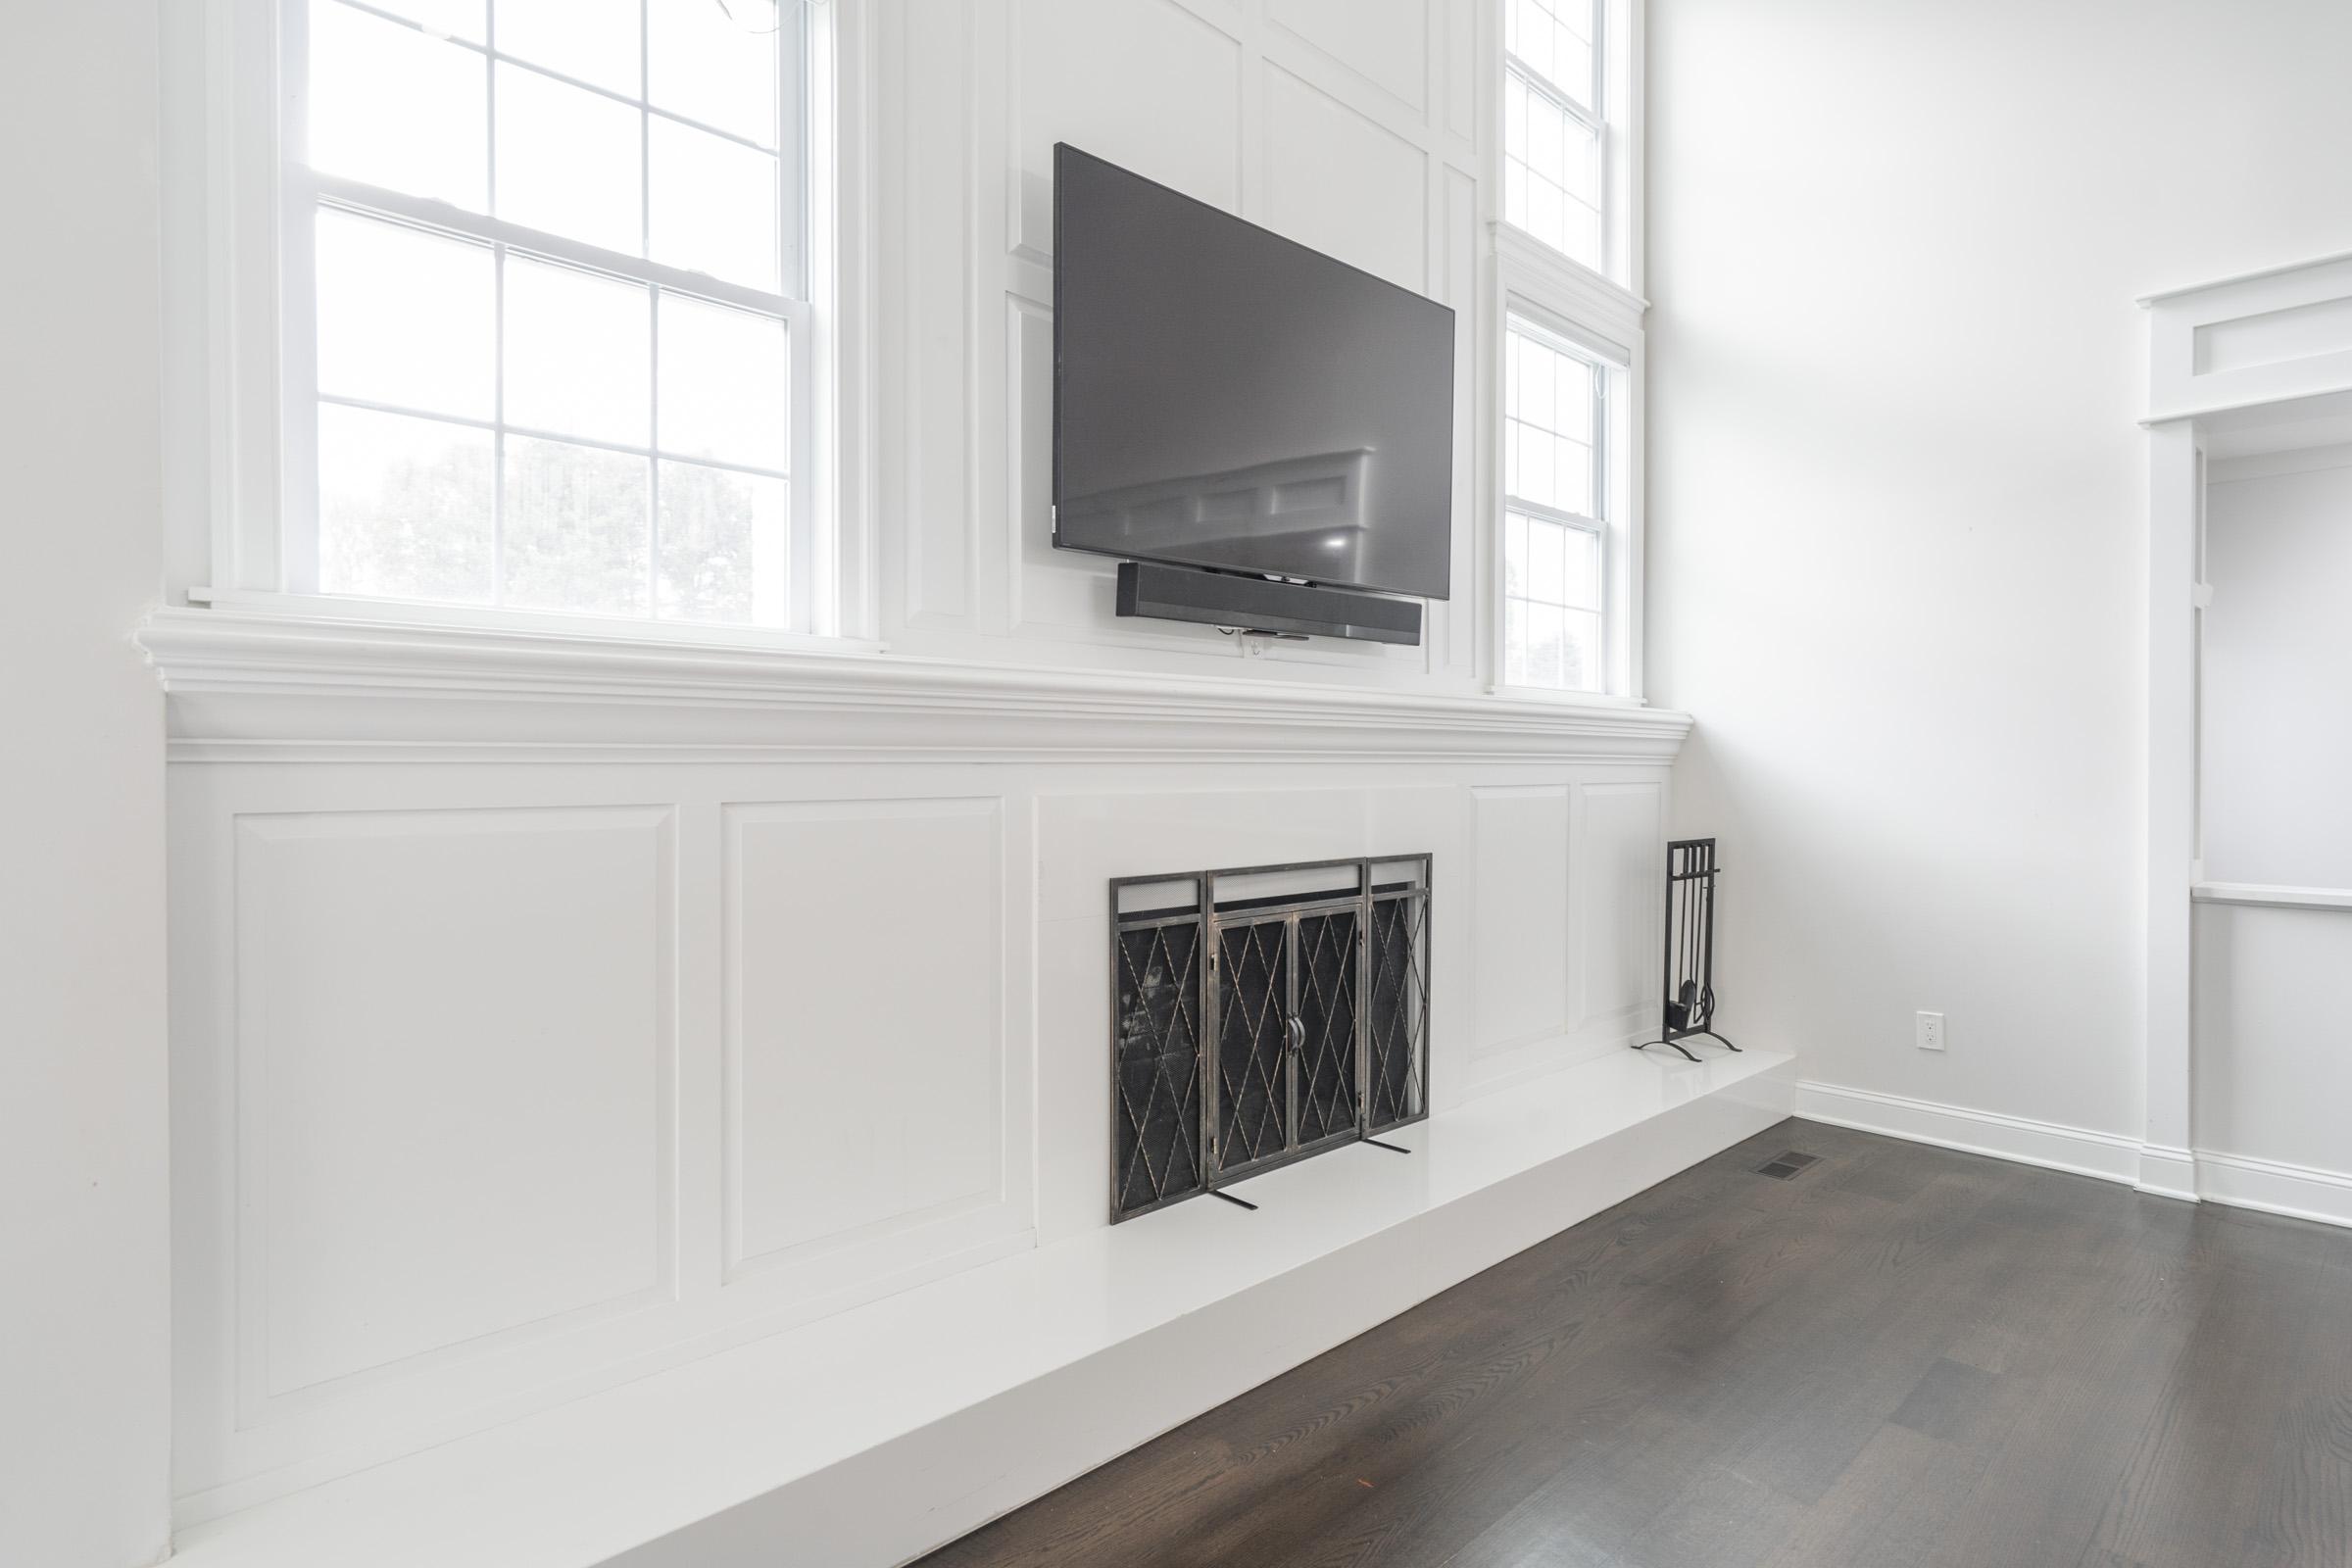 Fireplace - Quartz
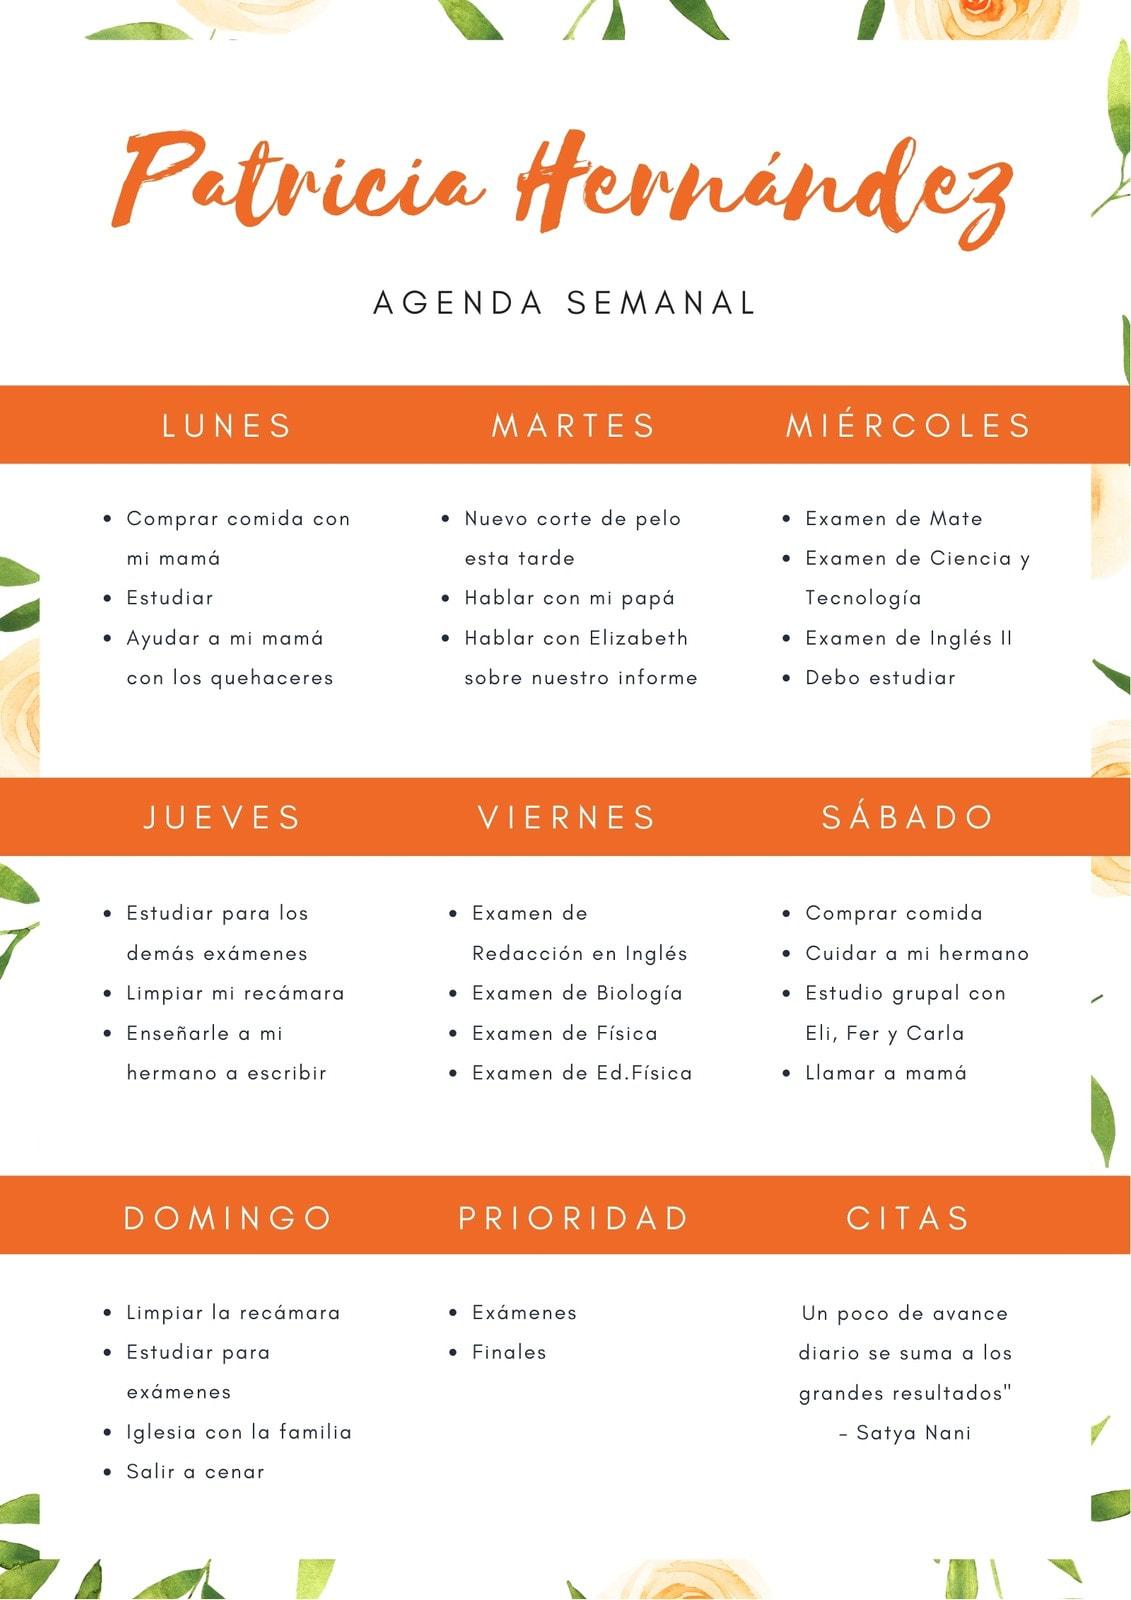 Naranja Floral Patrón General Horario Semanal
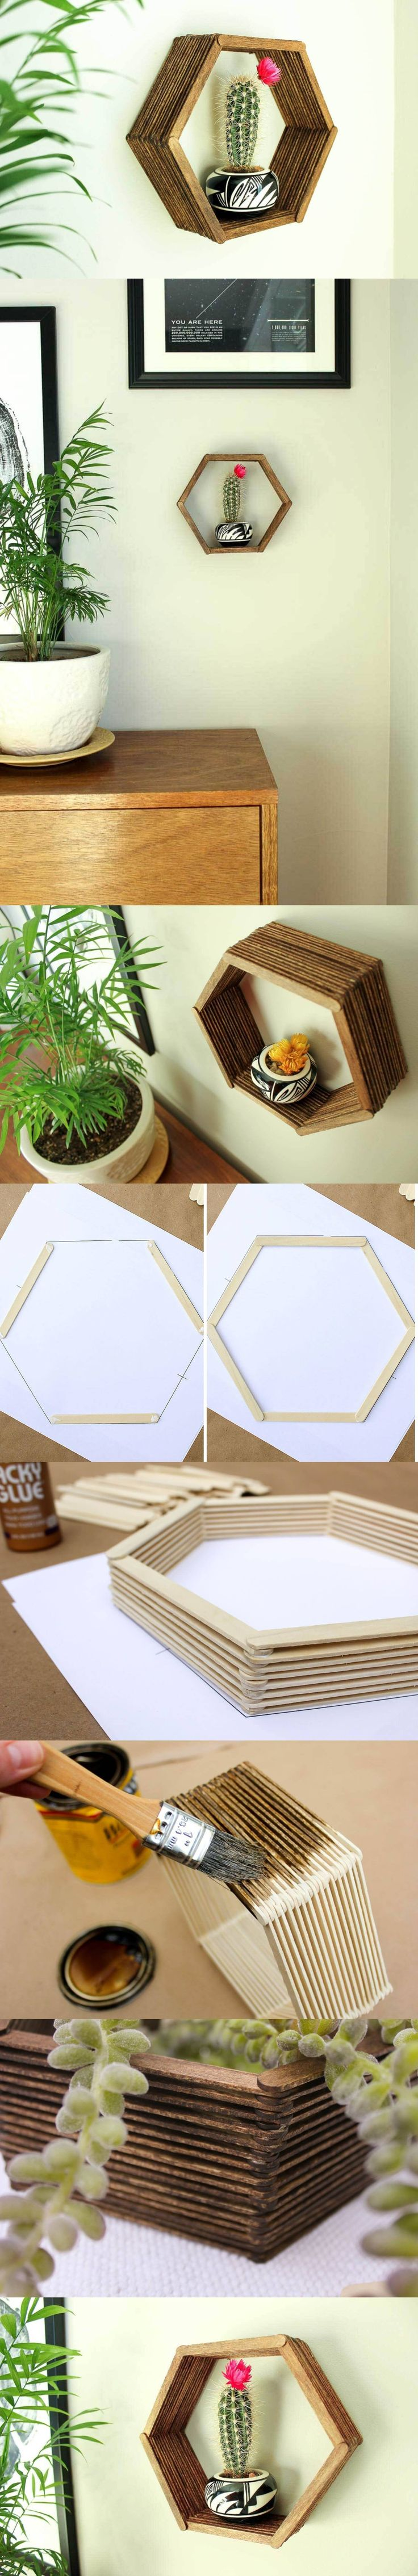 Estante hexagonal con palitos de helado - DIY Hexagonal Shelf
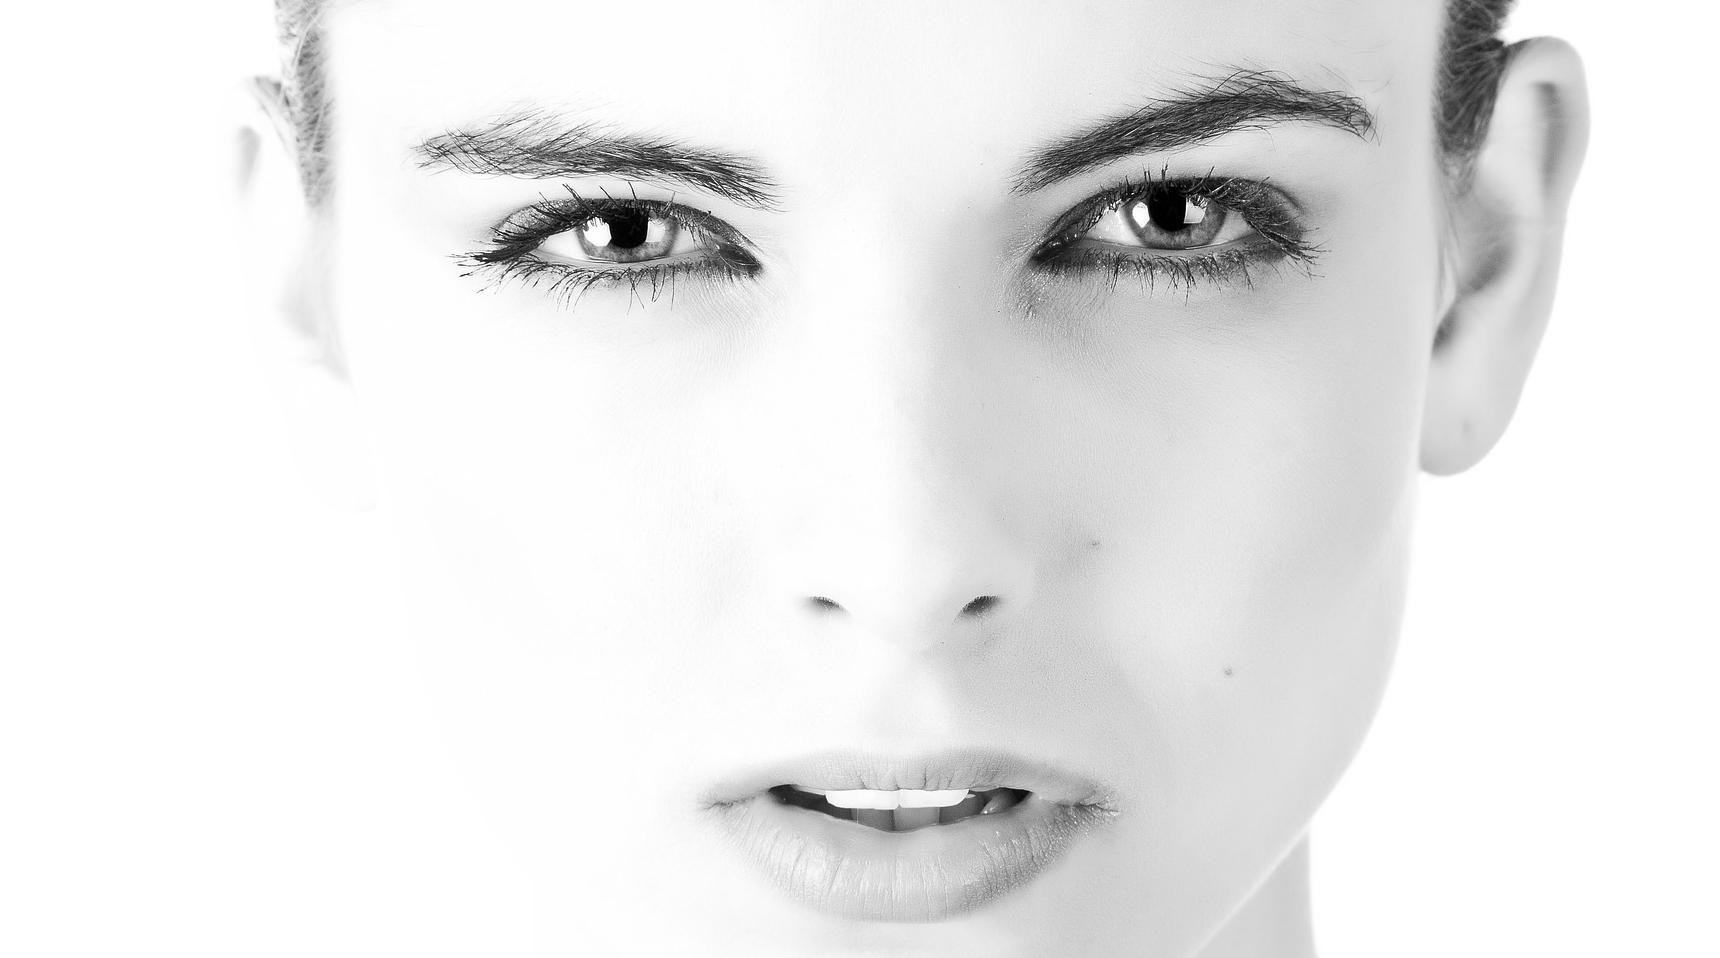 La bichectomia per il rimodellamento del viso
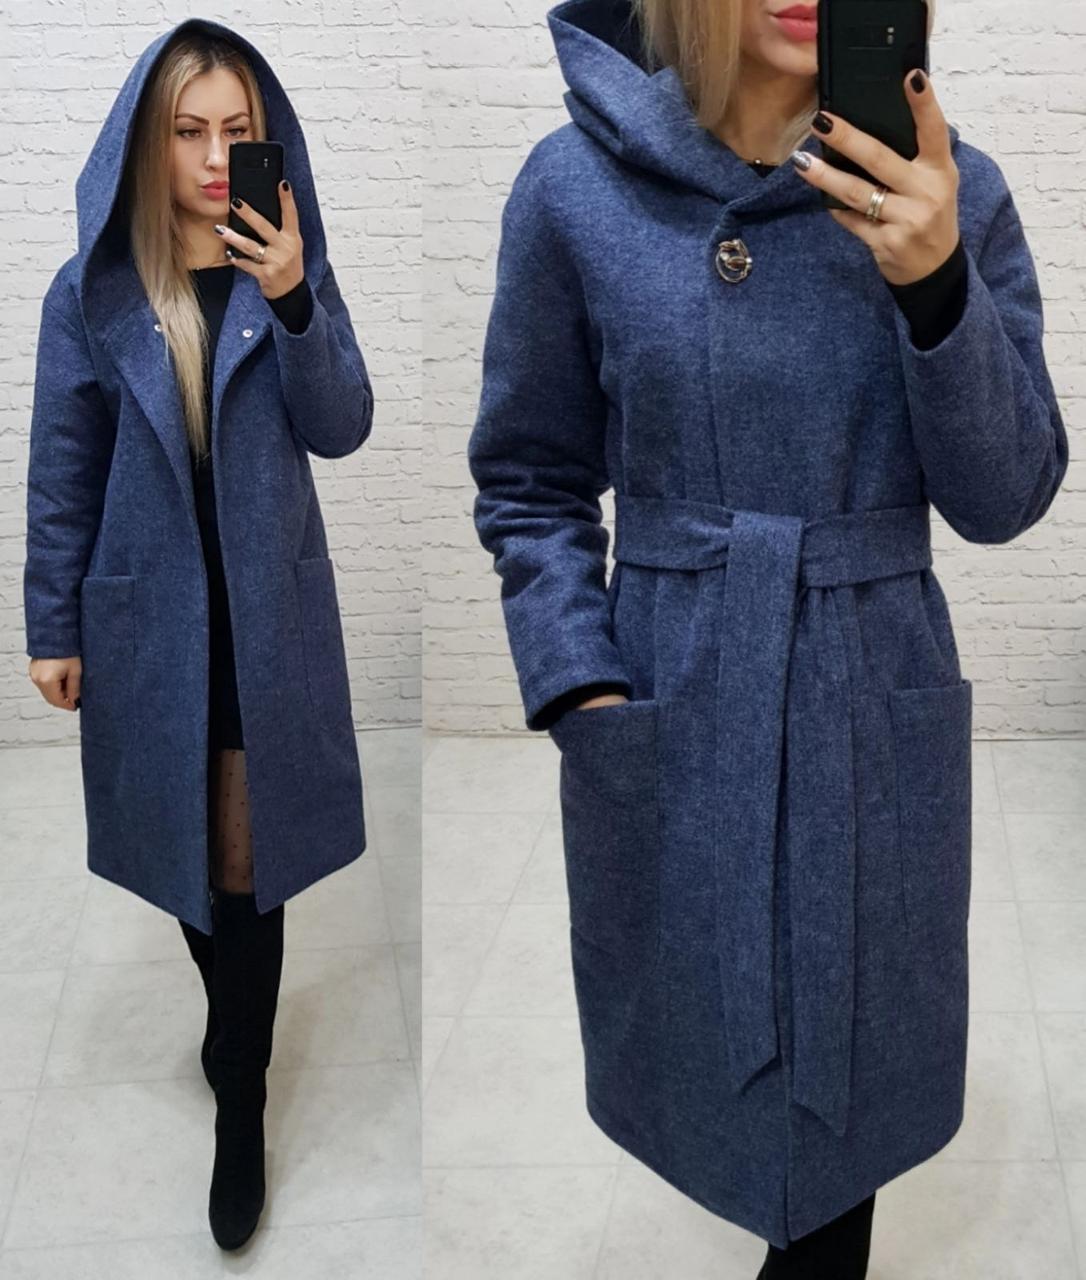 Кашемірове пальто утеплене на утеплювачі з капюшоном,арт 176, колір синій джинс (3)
※ ※ ※
Problem to solve –
Repeat the records word for word. Leave out whatever pictures they hold.

Response –
 Fireplace - Quartz
 Naranja Floral Patrón General Horario Semanal
 Estante hexagonal con palitos de helado - DIY Hexagonal Shelf
 La bichectomia per il rimodellamento del viso
 Кашемірове пальто утеплене на утеплювачі з капюшоном,арт 176, колір синій джинс (3)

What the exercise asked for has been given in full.